## Collected data
==========
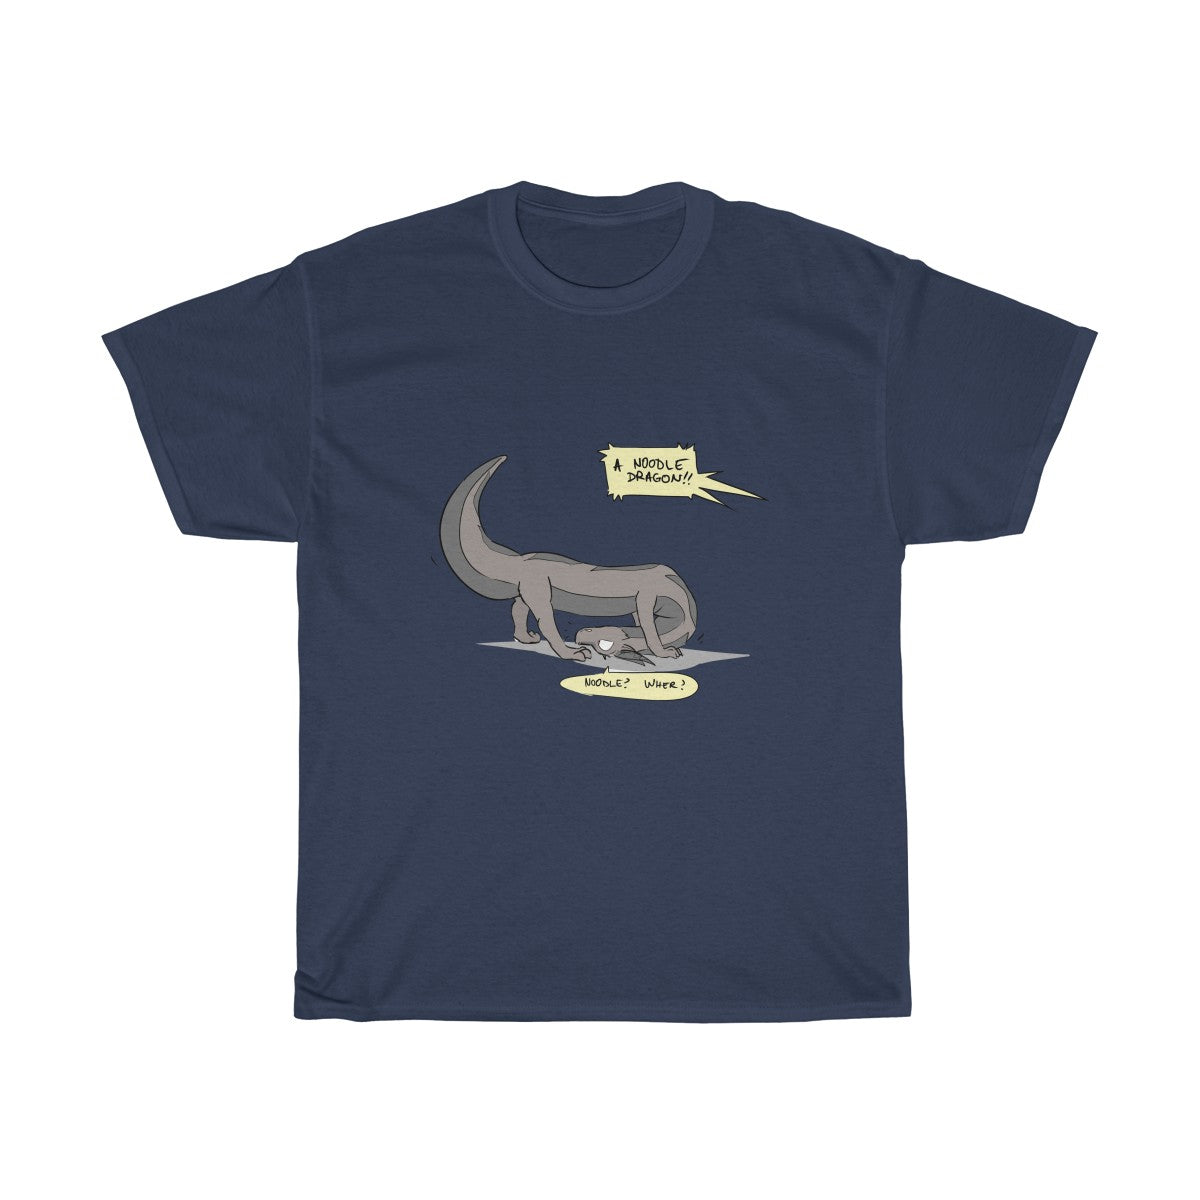 Confused Noodle Dragon - T-Shirt T-Shirt Zenonclaw Navy Blue S 
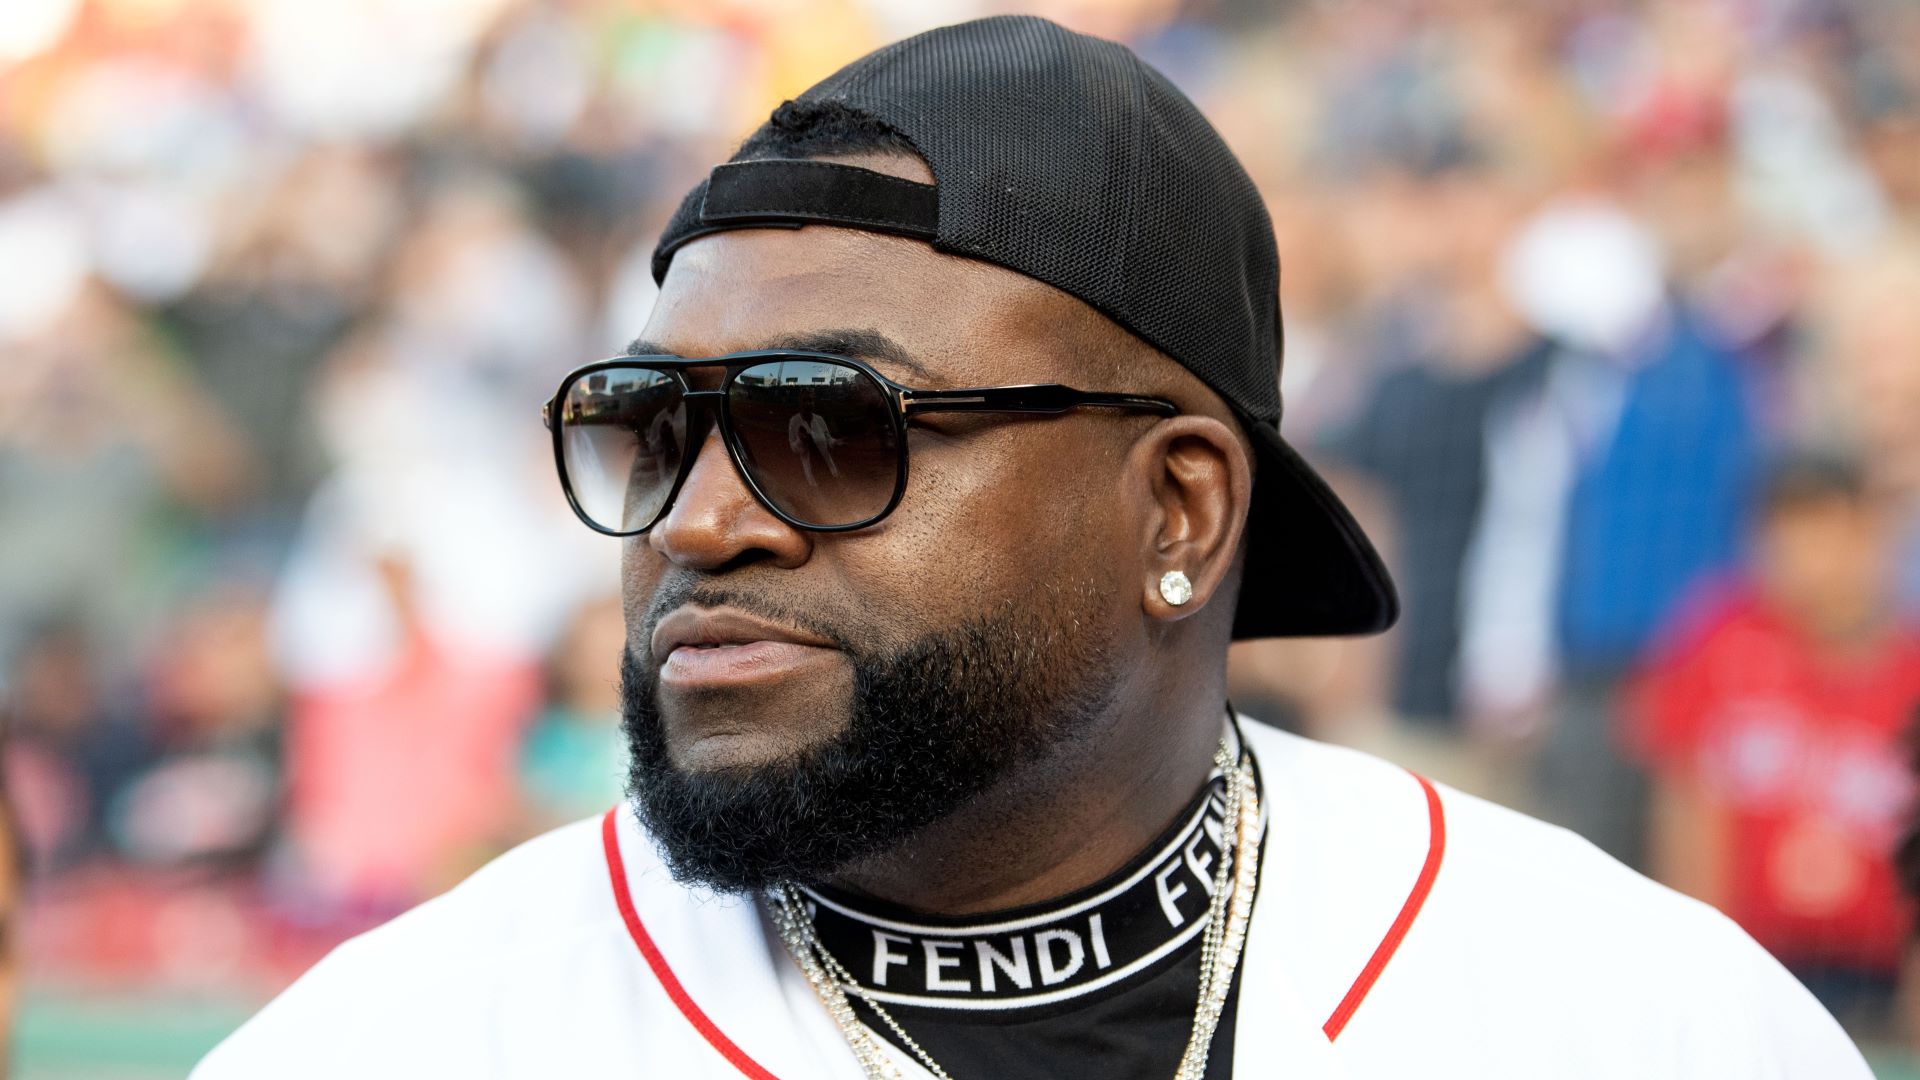 Will Red Sox Hall of Famer David Ortiz make a killing on his Florida home?  
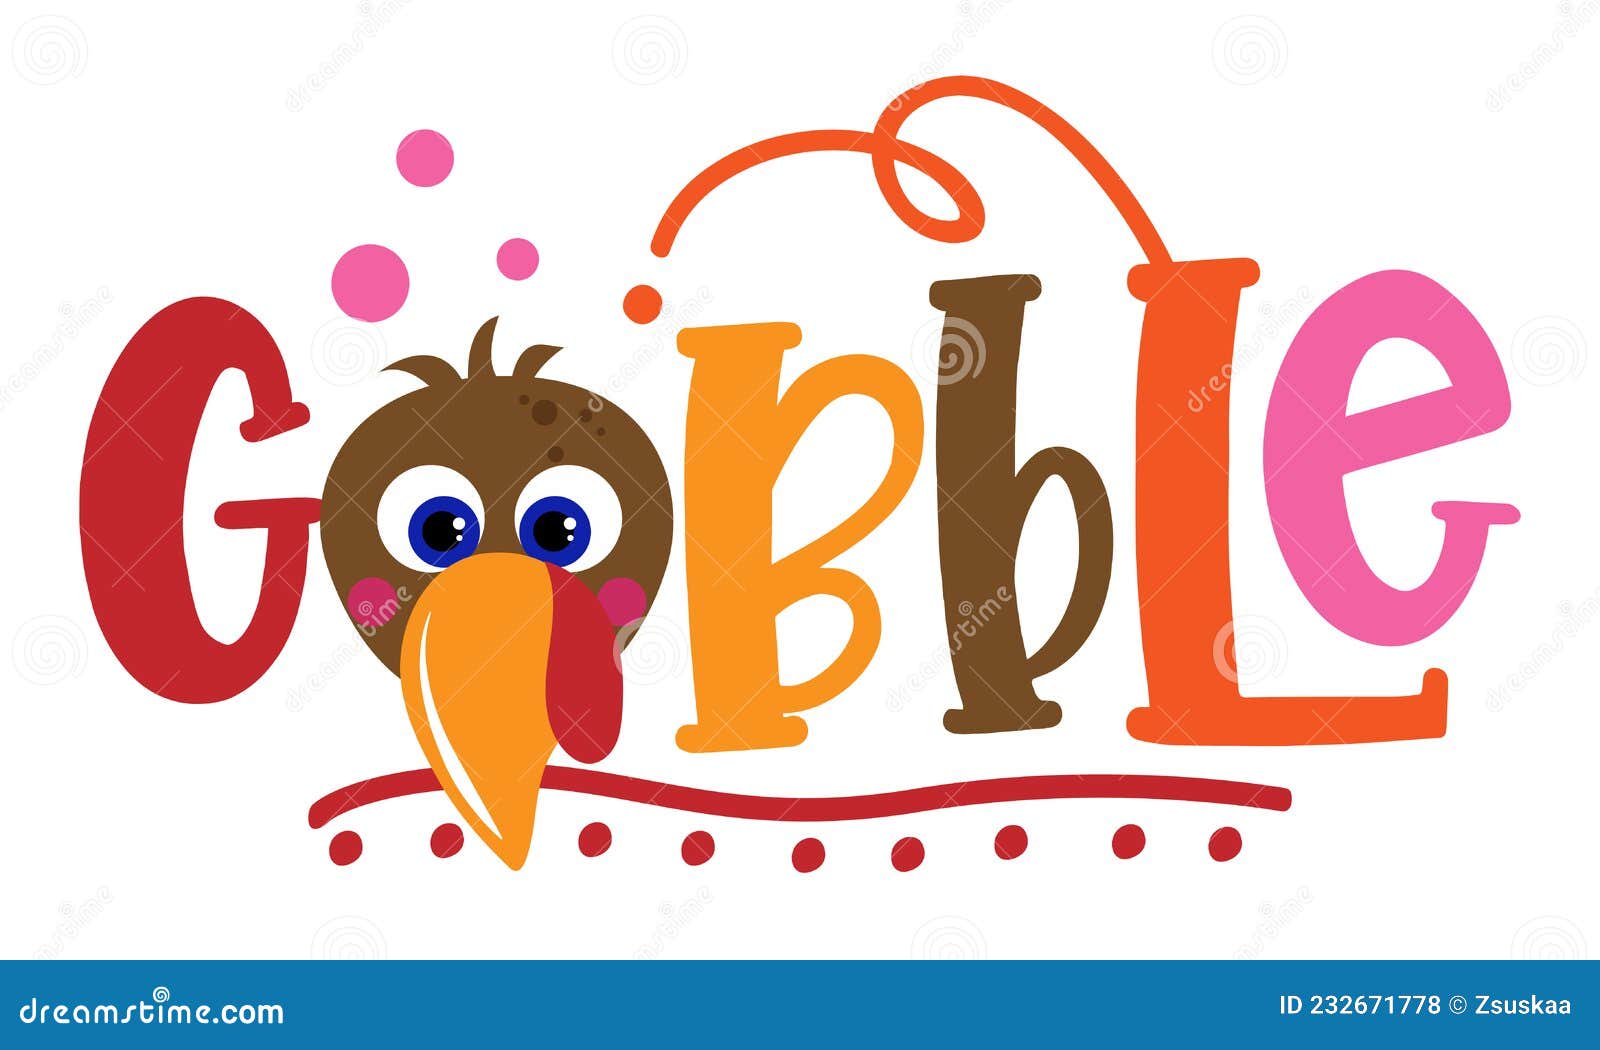 gobble til you wobble - thanksgiving day calligraphic poster. autumn color poster.
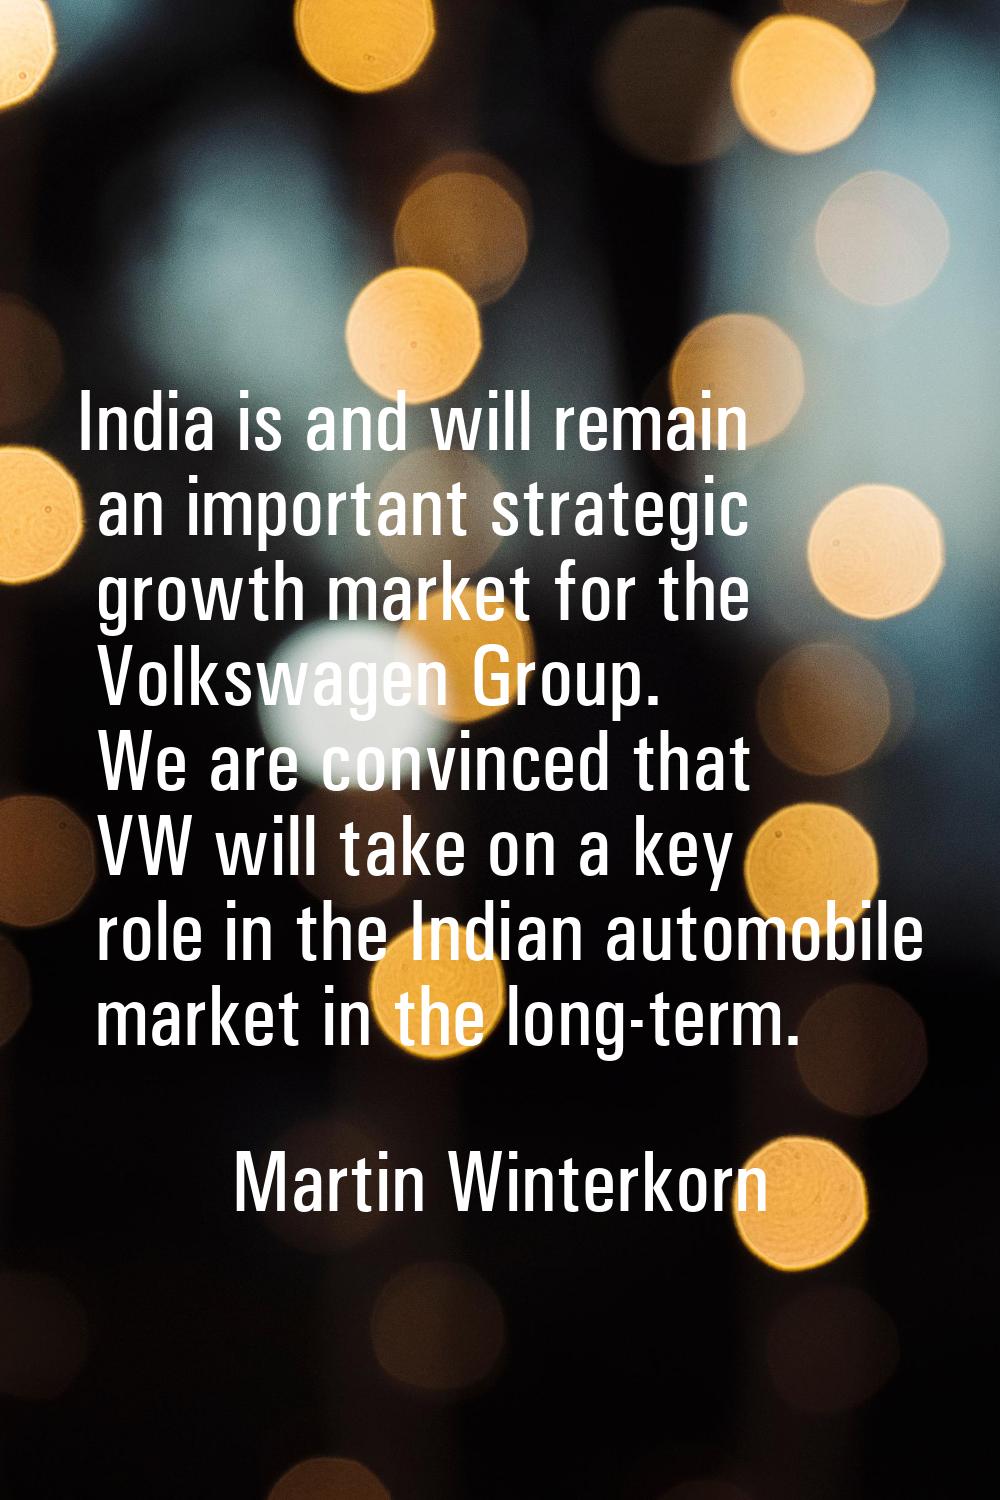 India is and will remain an important strategic growth market for the Volkswagen Group. We are conv
==========
## What to produce
Please give the data again in full, exactly as written, but without any images.

## Task response
 Confused Noodle Dragon - T-Shirt T-Shirt Zenonclaw Navy Blue S 
 Will Red Sox Hall of Famer David Ortiz make a killing on his Florida home?  
 gobble til you wobble - thanksgiving day calligraphic poster. autumn color poster.
 India is and will remain an important strategic growth market for the Volkswagen Group. We are conv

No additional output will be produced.